The man in the hall plainly did not belong. From the "tissue weight fall soft" to the neatly shod feet, he was immaculate. The gray suit with the gardenia in the buttonhole, seemed to recoil in disgust from the dry, musty odor that pervaded the place; the irreproachable linen of his attire looked whiter for its surroundings. His nostrils twitching disdainfully and the clean-cut patrician face with its thin, cruel lips, showed the distaste he felt for the work before him. He reluctantly opened the door and went in.

The office bore out the promise implied by the rest of the building. It was lighted by two dingy windows, through which the sun was trying in vain to shine. A typewriter desk, minus the typewriter, occupied the room. Three or four chairs, timeworn and dilapidated, stood along the wall, and a calendar bearing a date of two years previous hung between the windows. A door at the back of the room bore the inscription, Mr. Kimbarton, Private, and from behind this issued raucous snores with steady monotony.

The visitor rapped smartly on the desk with his cane, waited a moment, rapped again, and then a third time.

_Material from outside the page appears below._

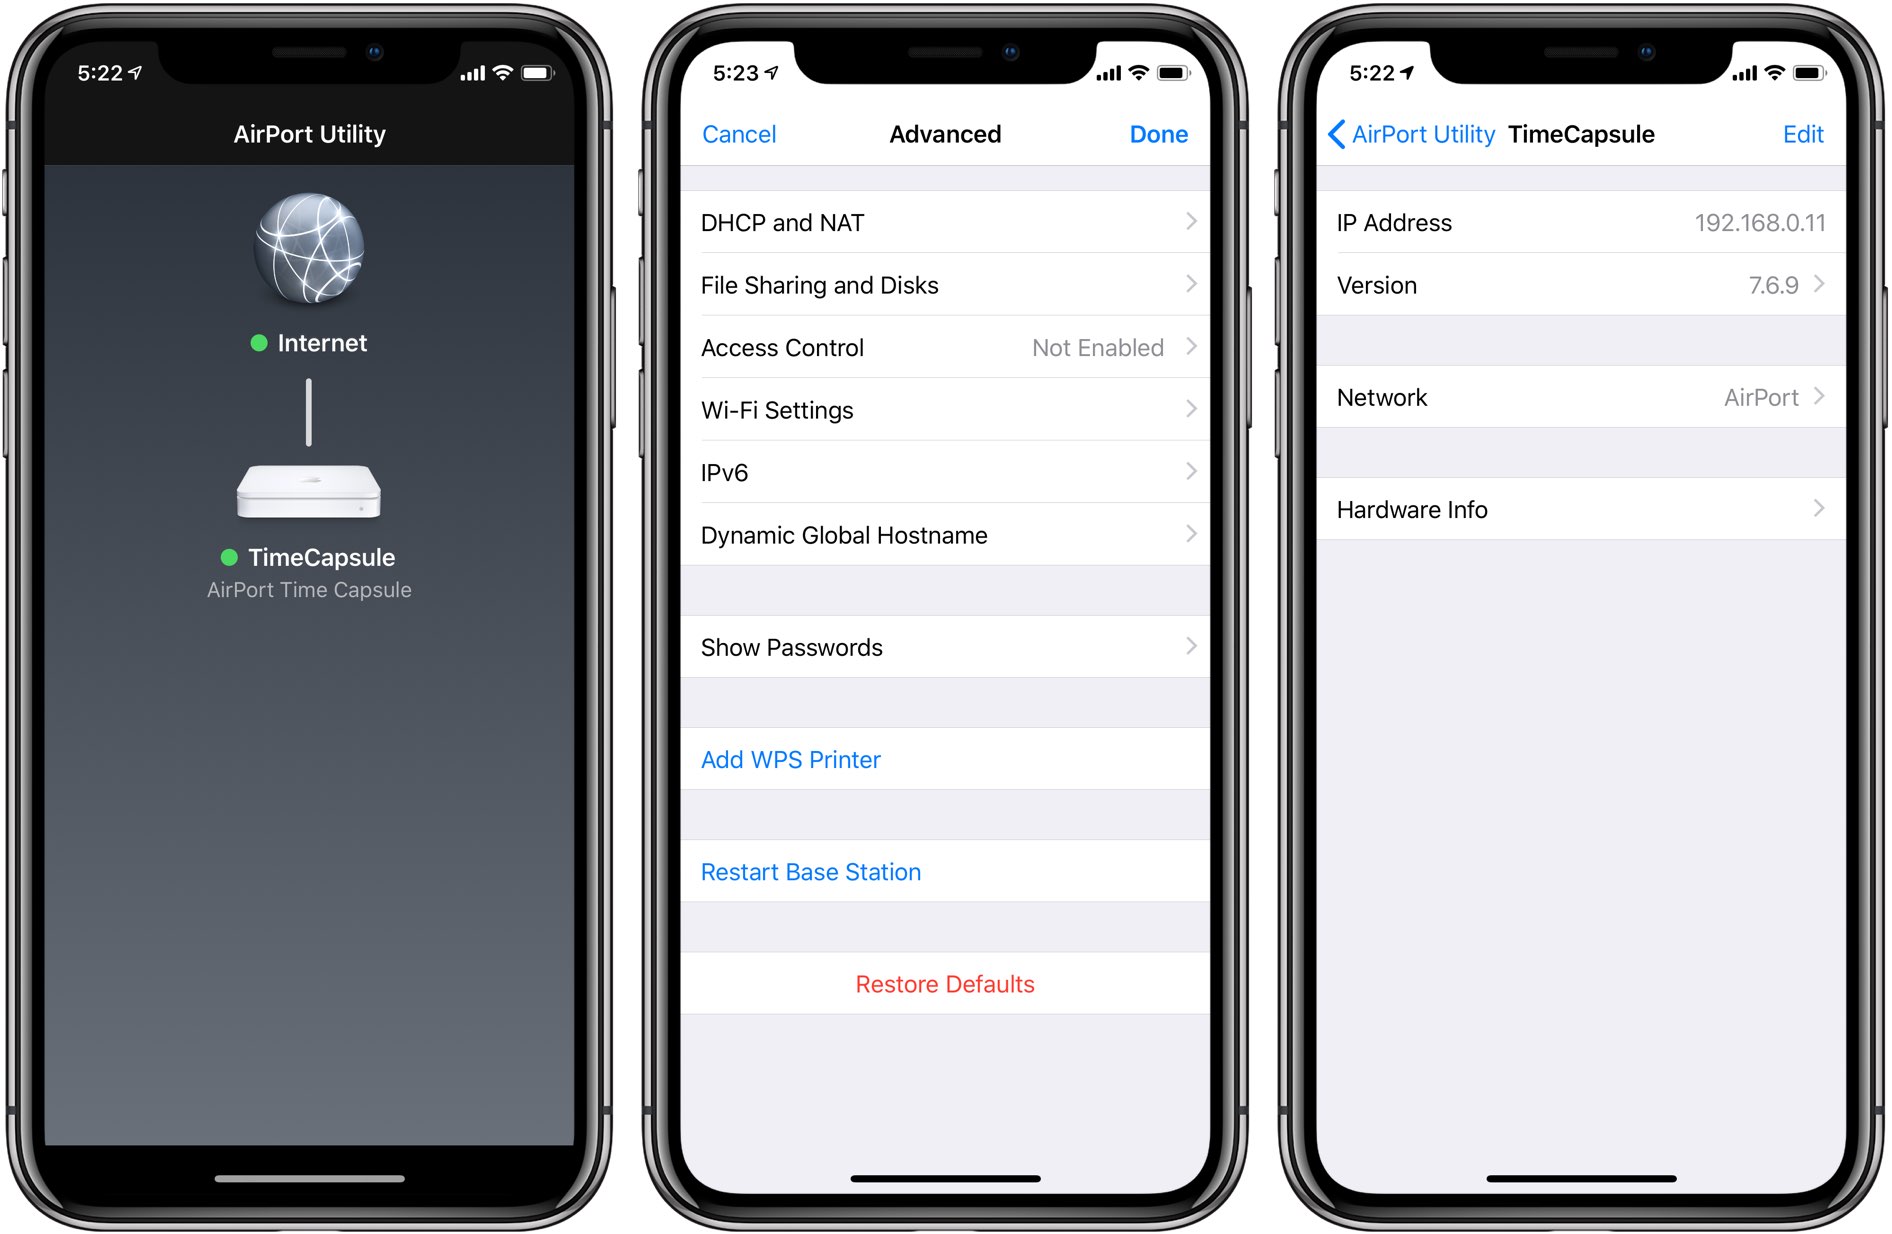 AirPort Utility for iOS running on an iPhone X

The snores ceased, the door opened, and from within came a short, pudgy figure dressed in a soiled and wrinkled suit of blue serge. He stood in the doorway for a moment, sleepily rubbing his eyes, his pasty face moist with perspiration.

"Whadya want?" he growled surlily.

"Mr. Kimbarton, I take it?" remarked the visitor.

"You take it right then, an' I don't need no books, an' no insurance, an' you gotta fat lotta nerve a-comin' into a busy man's office an' poundin' on his furniture with a stick. Whadya want anyway?"

"I thought," said the stranger, picking his stick up from the desk where he had laid it, "that this was a detective agency. I see that I was mistaken. It's a school for bad manners; and, as I don't feel that I need any lessons in that line, I will bid you good-day."

He started for the door, but the other forestalled him.